If you look at the Circular concept, the front end is very clean and there are very few parts. But if you look at our cars today, the headlamp alone is made out of 60 different pieces, all carefully designed – beautiful, but very complex. And our grille of today contains 20 pieces. When you start thinking about the future, it makes sense to not only reduce visually, but also actual reduction in parts.

CDN: Seeing as you’ve mentioned the grille, how do you feel about the criticism of some of your most recent designs?

AVH: I think it’s part of the game. We feel that we need to keep moving forward in design, and if we do our job well, they hold up for a long time, even as a used car because all of that is relevant to our customers. The question is how to do that, how to create a design that holds up well past its normal lifecycle? Typically, when you’re trying to do that, initially when it comes out, people will find it interesting and maybe it will also cause some controversy. We’ve seen that recently with cars like the M4, but it died down very quickly.

BMW M4 paint process
BMW trialled a new paint process with the M4

CDN: So, have you become more thick-skinned when it comes to criticism over the years?

AVH: Well, how to answer that – I don’t think so, because as a designer you are, of course, deeply involved, not just with your mind but with your whole heart and soul. So, obviously, it’s nicer to receive praise than criticism, but you learn more probably from criticism in life than from praise. So, you take it on board, and you try to analyse and figure out what you can learn from it and what you can do better. That’s part of the game.

CDN: How difficult is it to design for this modern era of technology?

AVH: That’s something that I’ve thought about quite a bit; is it becoming harder to do car design? It feels like it is sometimes, because there’s more regulations that we have to observe and that the cars have to fulfil. On the other hand, technology also progresses in terms of what we can do with materials, what we can do in metal, what we can do in carbon fibre. In the end I believe it probably evens out.

BMW i Vision Circular 3
Redner of the i Vision Circular concept from above

CDN: What are you spending more time on, exterior or interior design?

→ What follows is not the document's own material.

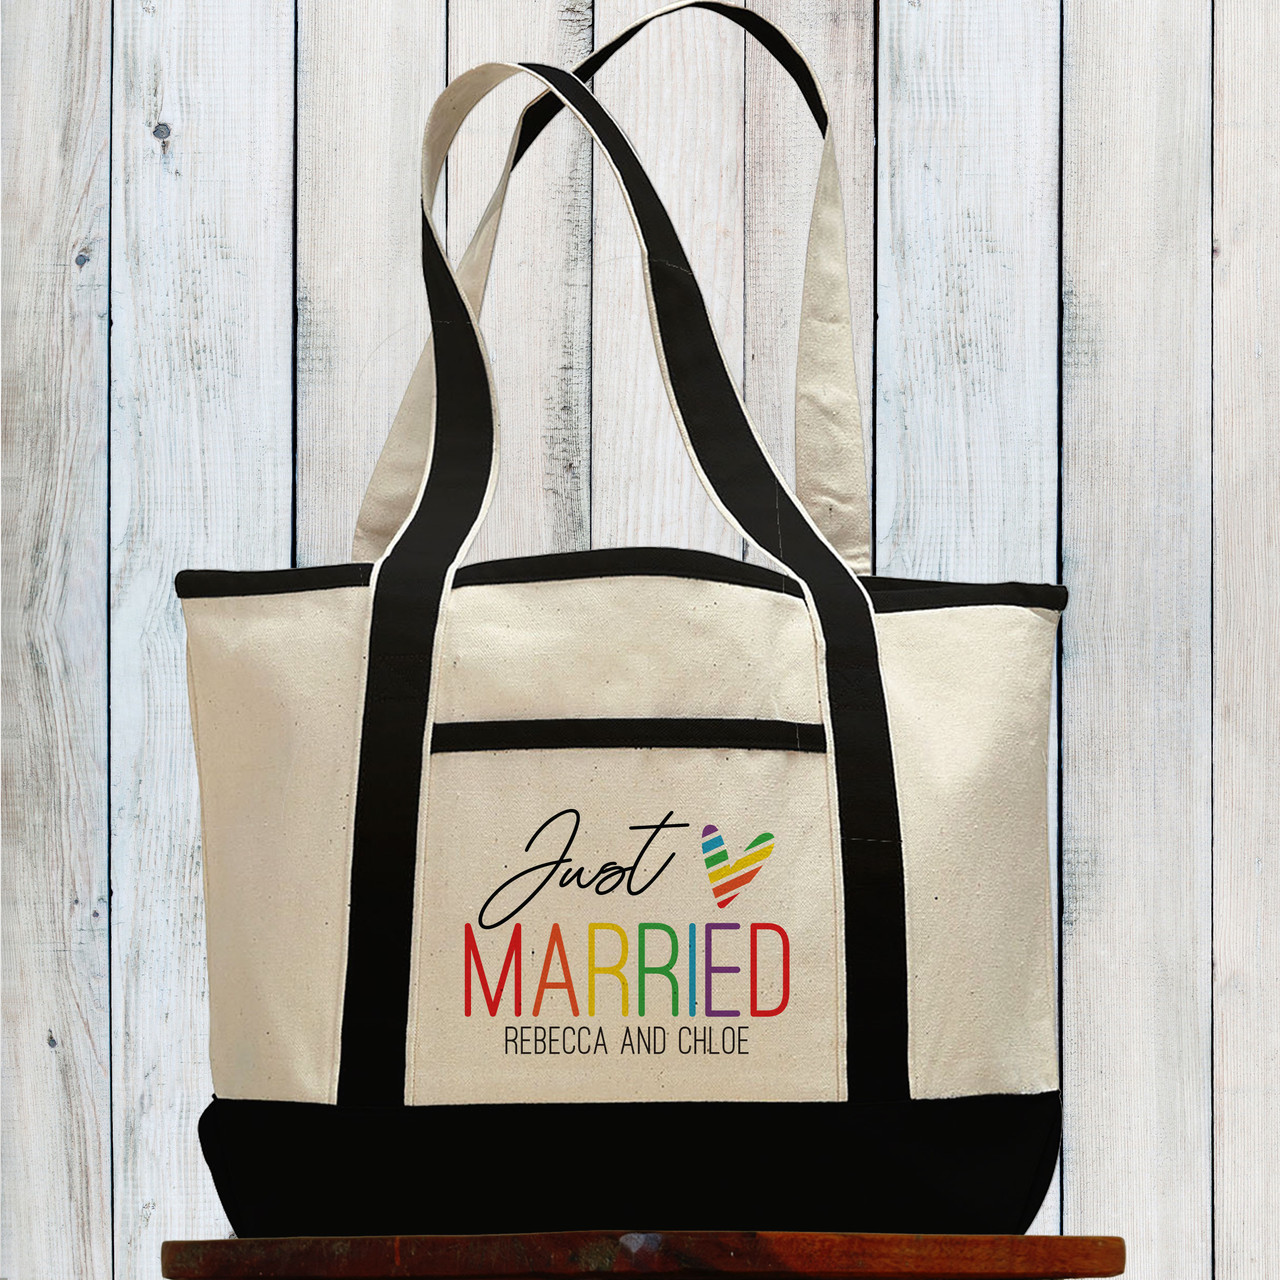 Just Married Personalized Beach Tote Bag for Same Sex Couple pic picture

AVH: I would say I spend more of my time dealing with interior design. First of all, it’s perhaps more complex than exterior design. Secondly, there is probably more technological change happening right now with the whole digitalisation, the whole user interface aspect, so you have to spend more time at that right now. But exterior I think will never go away as the first thing that people see and that has to attract people.

CDN: What about the shift in control from the human to the car?

AVH: I think in the next five to ten years we will probably see all these changes happen, and for me as a designer, for my team, that means that it’s going to be super interesting. I believe that when technology is changing then we as designers are more challenged, but there’s also more possibilities for change in design, that’s how we approach this era.